Overcoming obstacles was old hat for her. Growing up in the racist South in the 1950s and 1960s, she learned all about adversity. Her mom's church was bombed three times. And though she was the top student at her segregated, all-black high school, she knew going to college in the South was out of the question.

So she landed 3,000 miles from home at the predominantly white University of Washington, an affordable public institution with a medical school in a state that didn't have racist practices mandated by law.
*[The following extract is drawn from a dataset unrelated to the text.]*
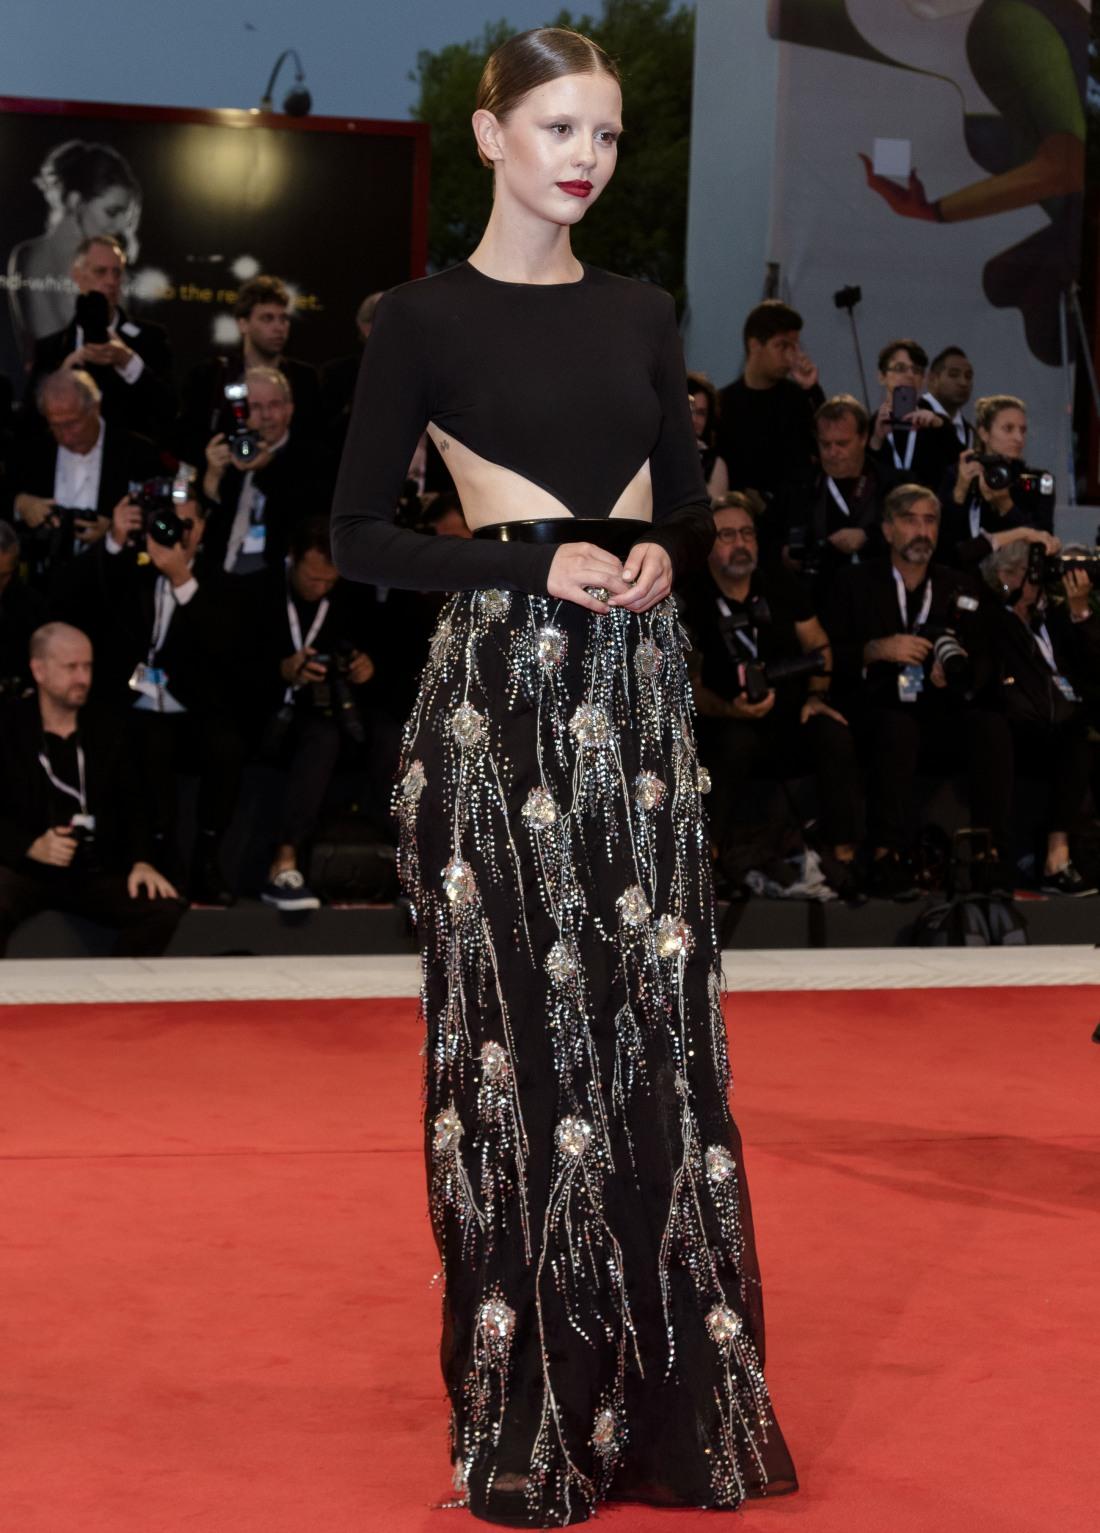 75th Venice International Film Festival - 'Suspiria' - Premiere

Having family in the Seattle area (an aunt and an uncle) eased her transition, but it didn't prepare for her what lay ahead. Only a handful of black students attended the UW then. In her science classes, she was usually the only African American, many times the only woman, and always the only African American woman.

If that weren't enough, she suffered the indignity of failing two freshman chemistry quizzes. She was so discouraged, she sought help from her teaching assistant.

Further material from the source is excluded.